___ PROVIDED MATERIAL

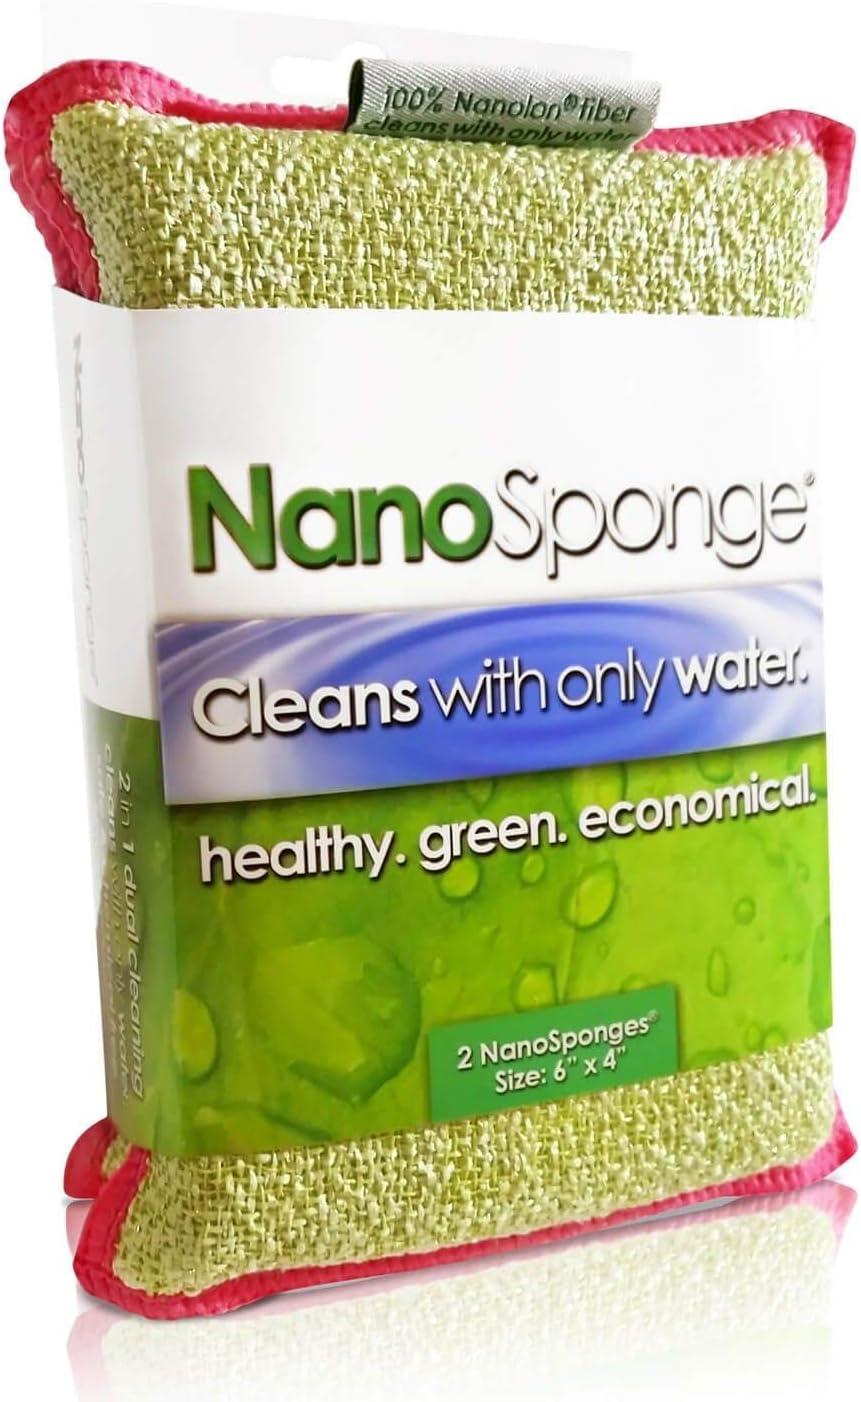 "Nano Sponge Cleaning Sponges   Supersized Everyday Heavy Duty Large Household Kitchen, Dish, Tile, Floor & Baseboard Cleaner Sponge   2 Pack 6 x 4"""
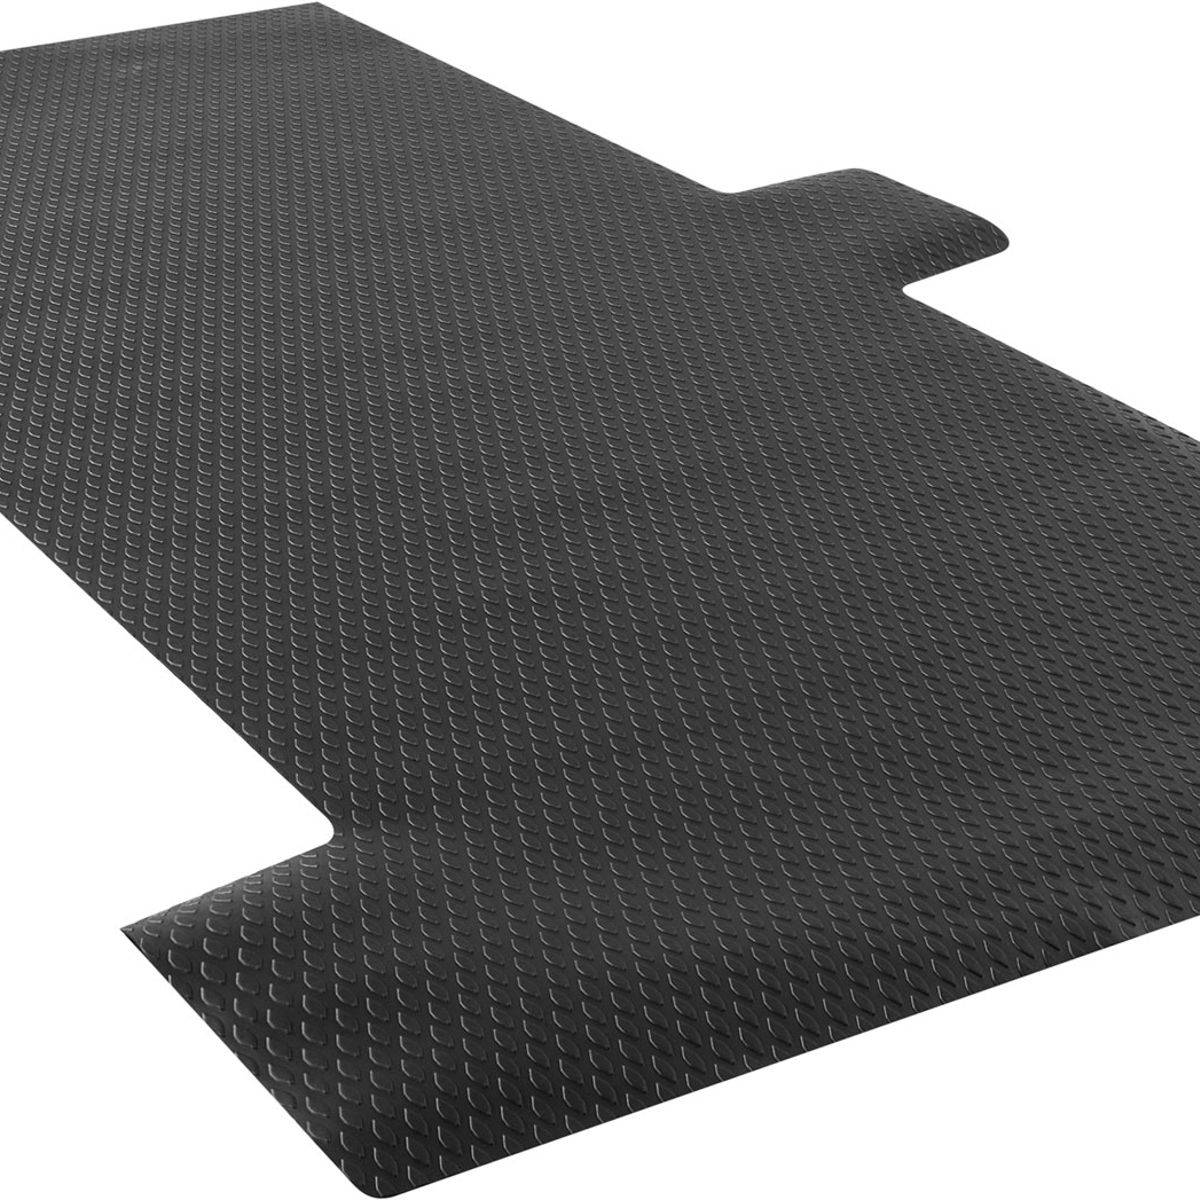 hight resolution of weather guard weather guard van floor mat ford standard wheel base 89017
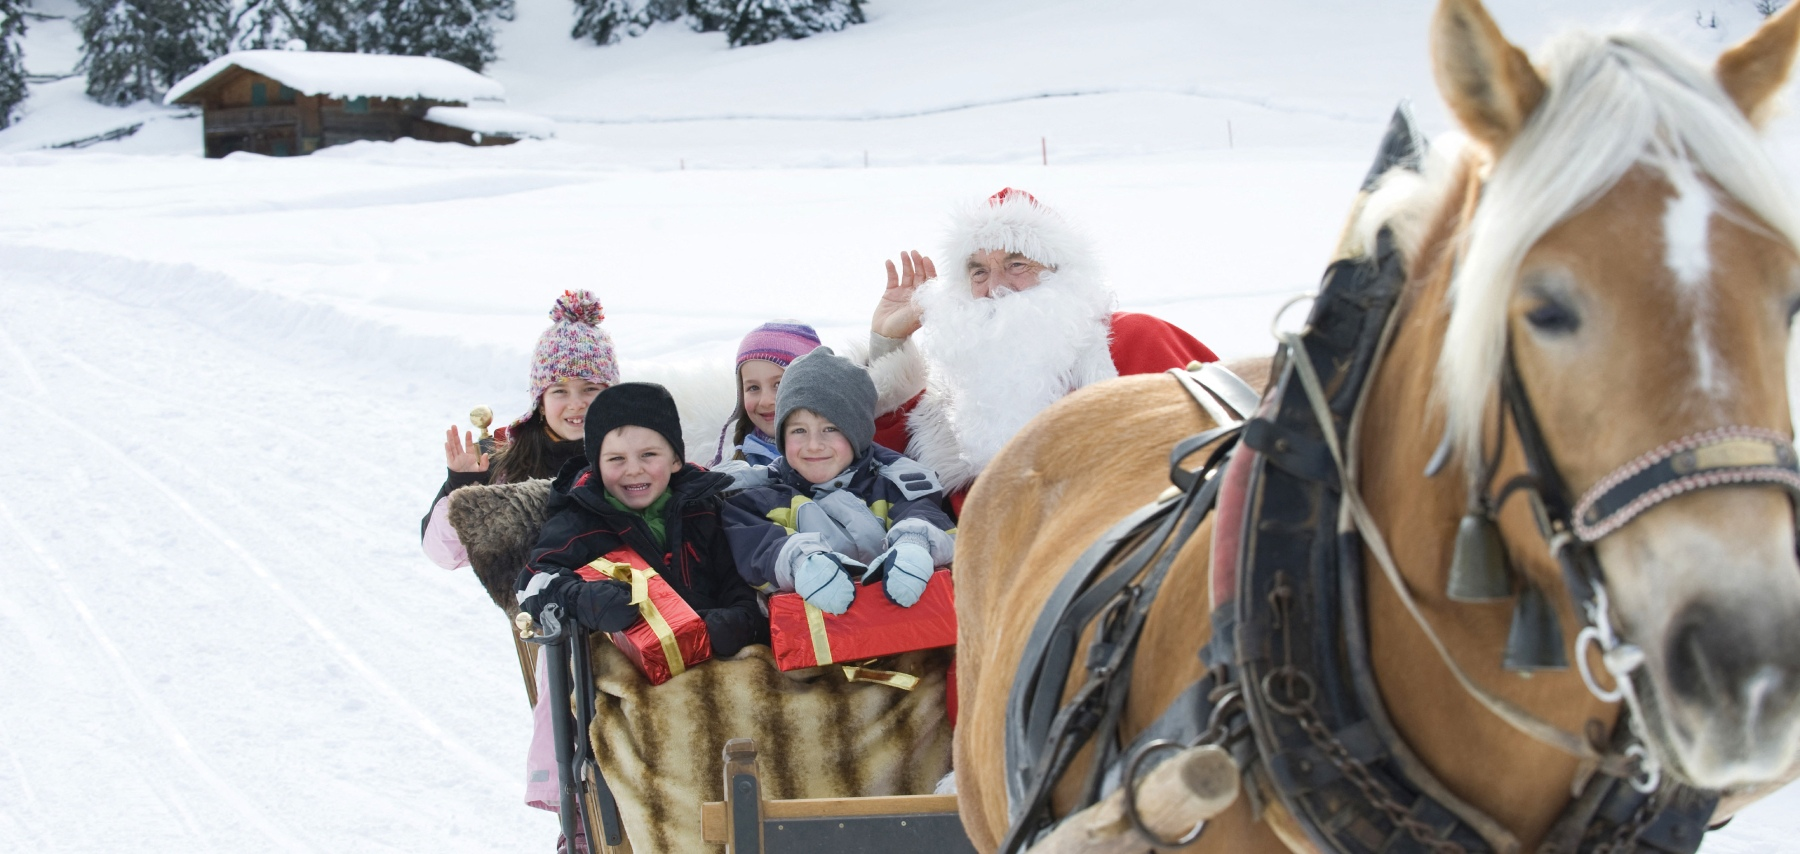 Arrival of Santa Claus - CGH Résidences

______
___ PROVIDED MATERIAL

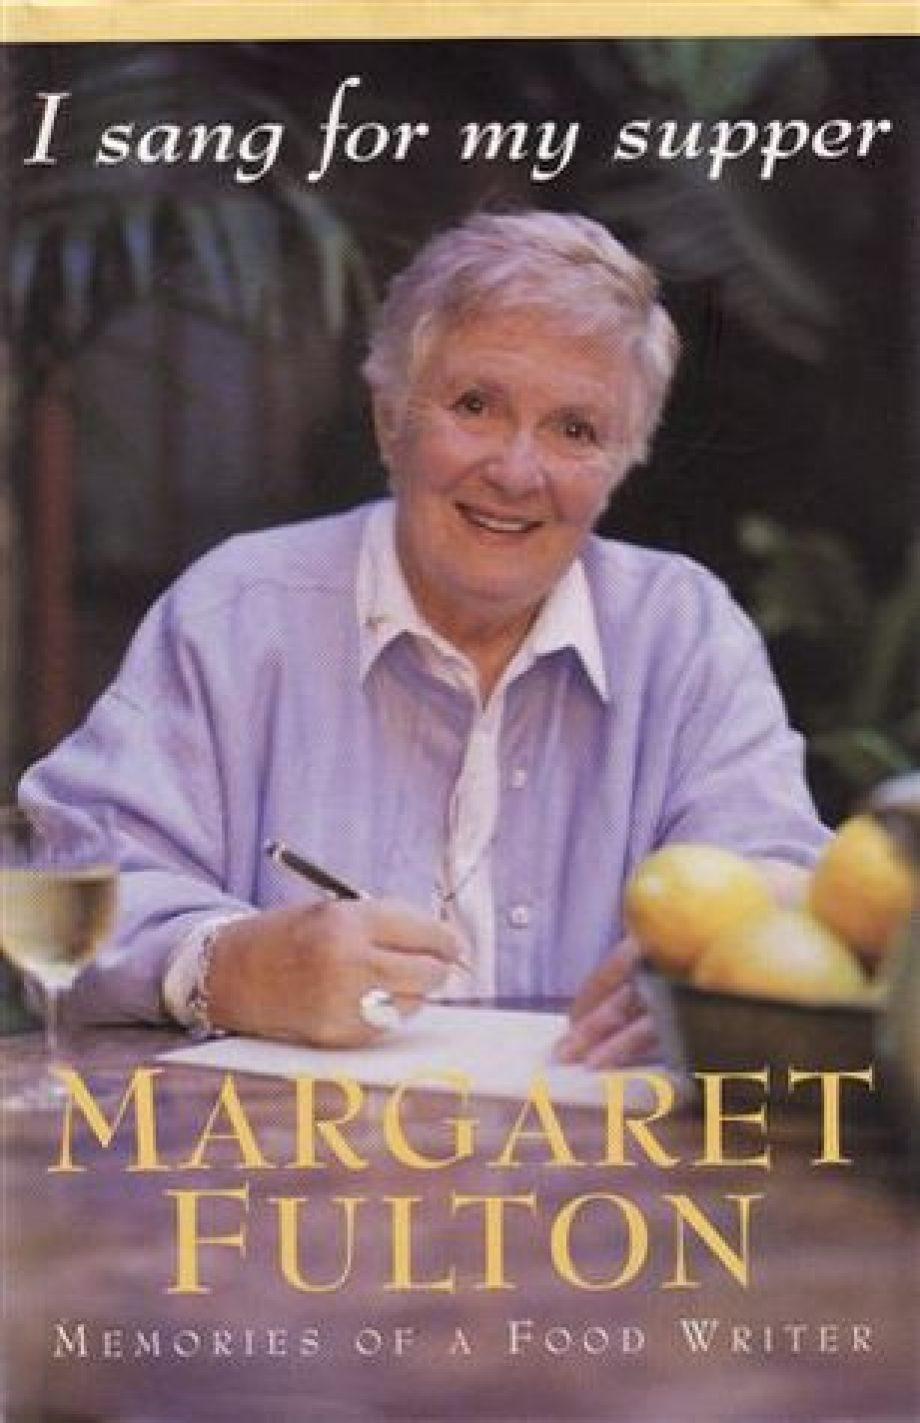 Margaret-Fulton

______
___ PROVIDED MATERIAL

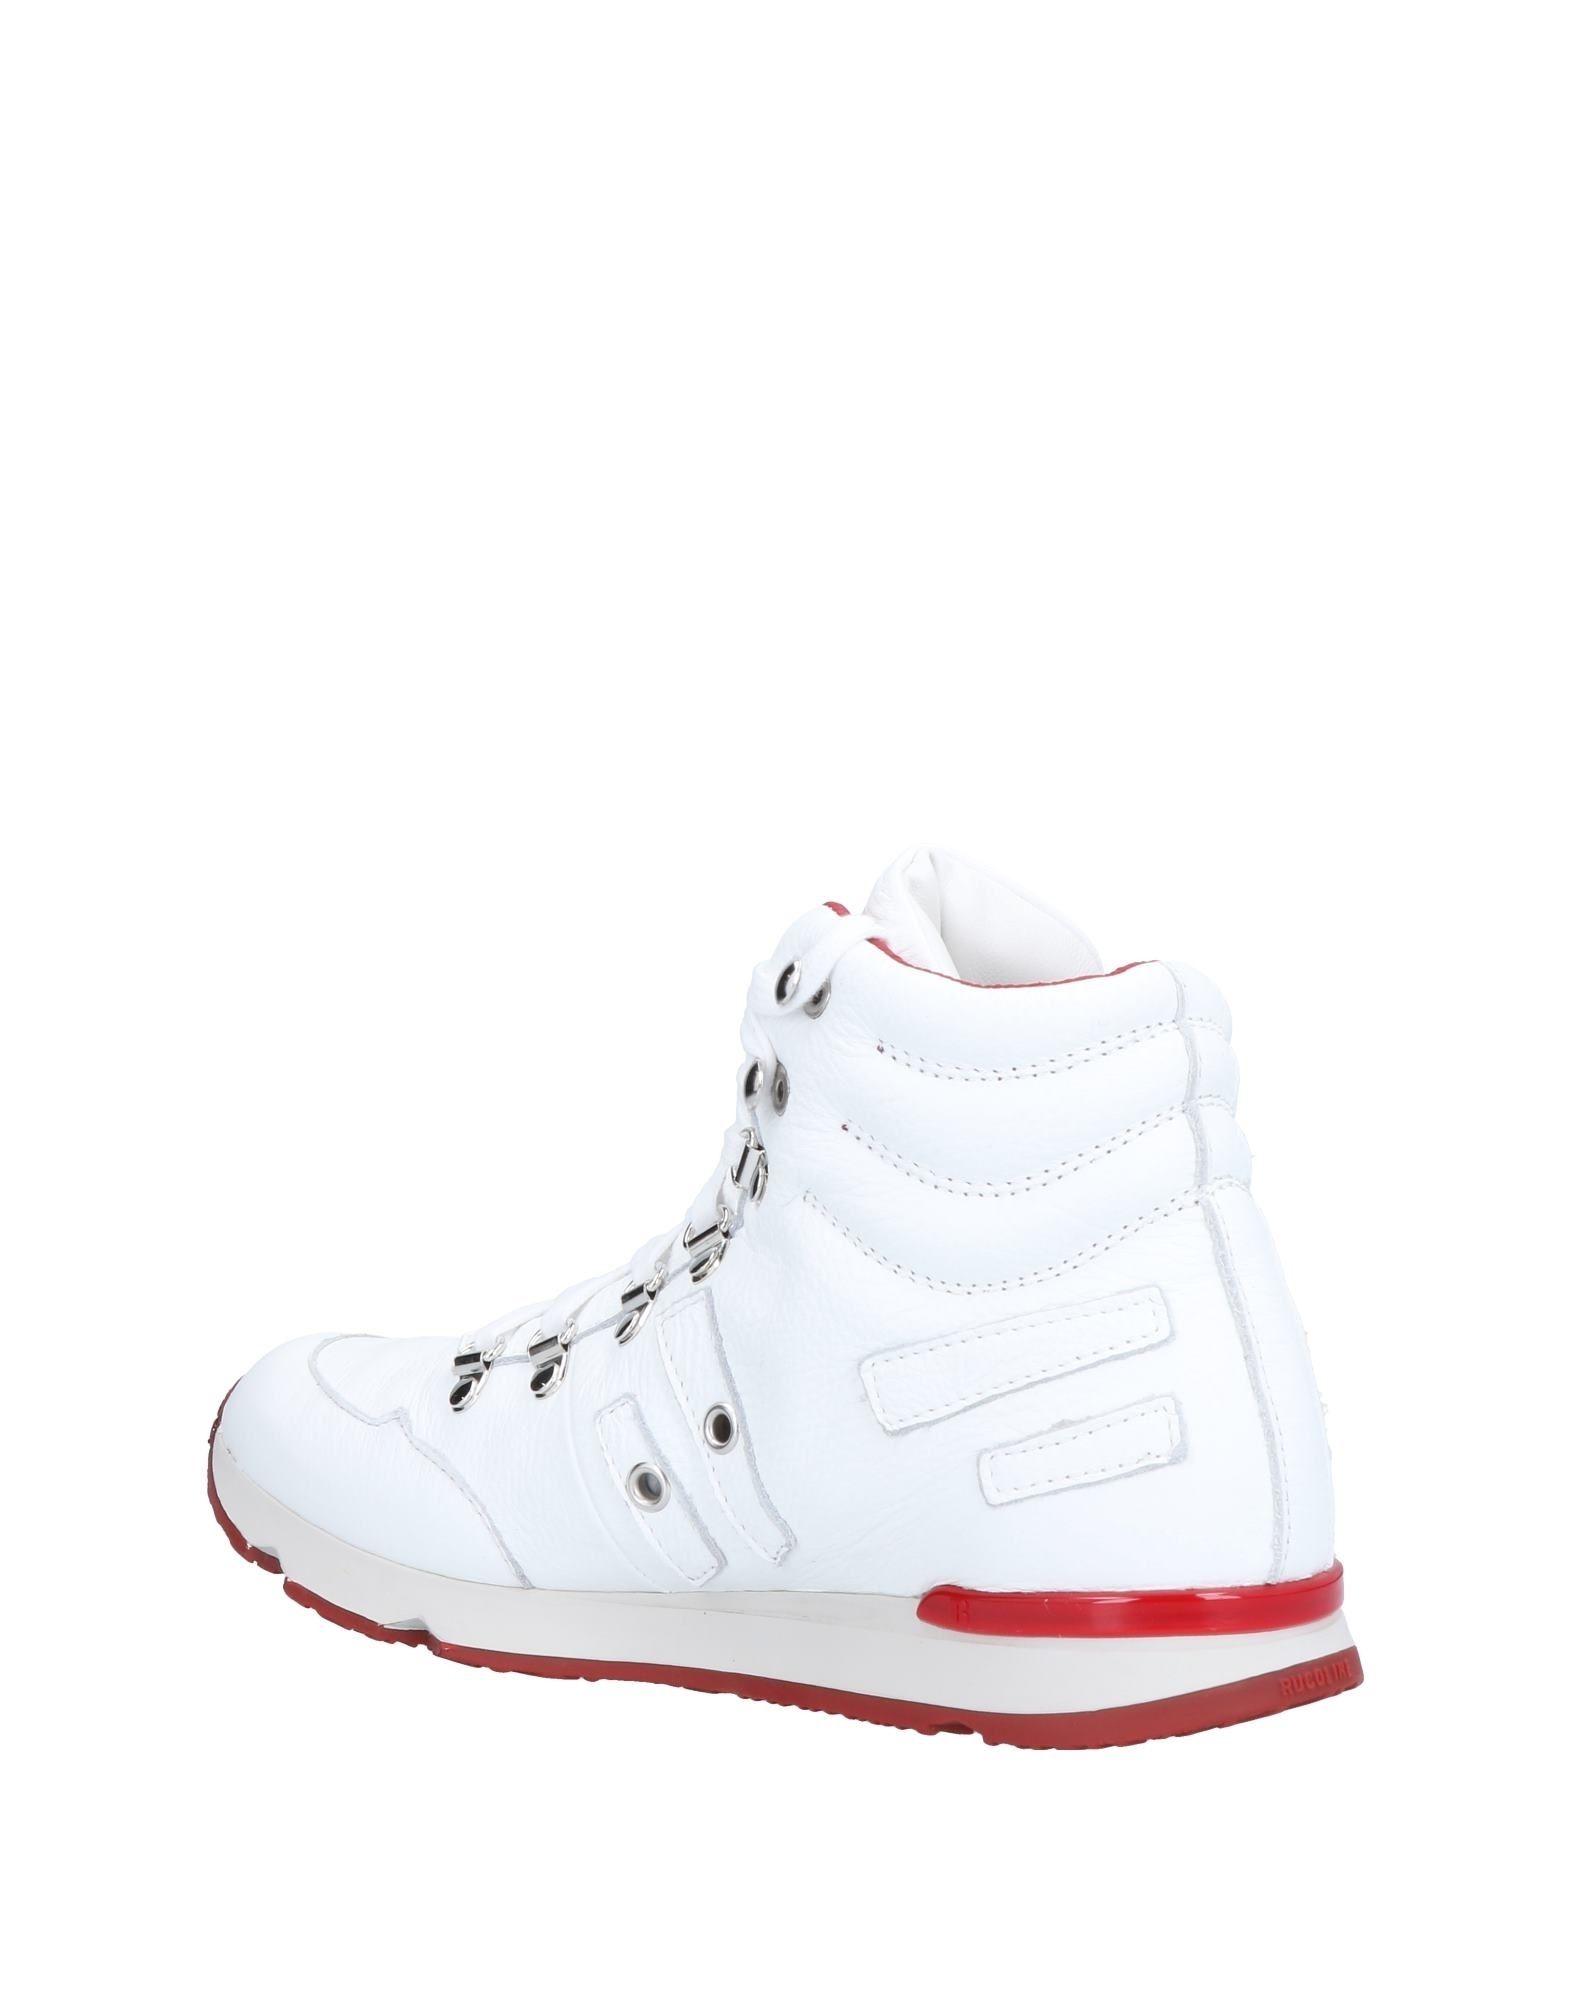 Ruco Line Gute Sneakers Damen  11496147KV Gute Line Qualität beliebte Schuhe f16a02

______

Only one part of the listing is wanted: the lines from the one containing "Sponge Cleaning Sponges" through the one containing "Arrival of Santa Claus - CGH Résidences", both included. Please transcribe it exactly, leaving out the pictures.

 "Nano Sponge Cleaning Sponges   Supersized Everyday Heavy Duty Large Household Kitchen, Dish, Tile, Floor & Baseboard Cleaner Sponge   2 Pack 6 x 4"""
 hight resolution of weather guard weather guard van floor mat ford standard wheel base 89017
 Arrival of Santa Claus - CGH Résidences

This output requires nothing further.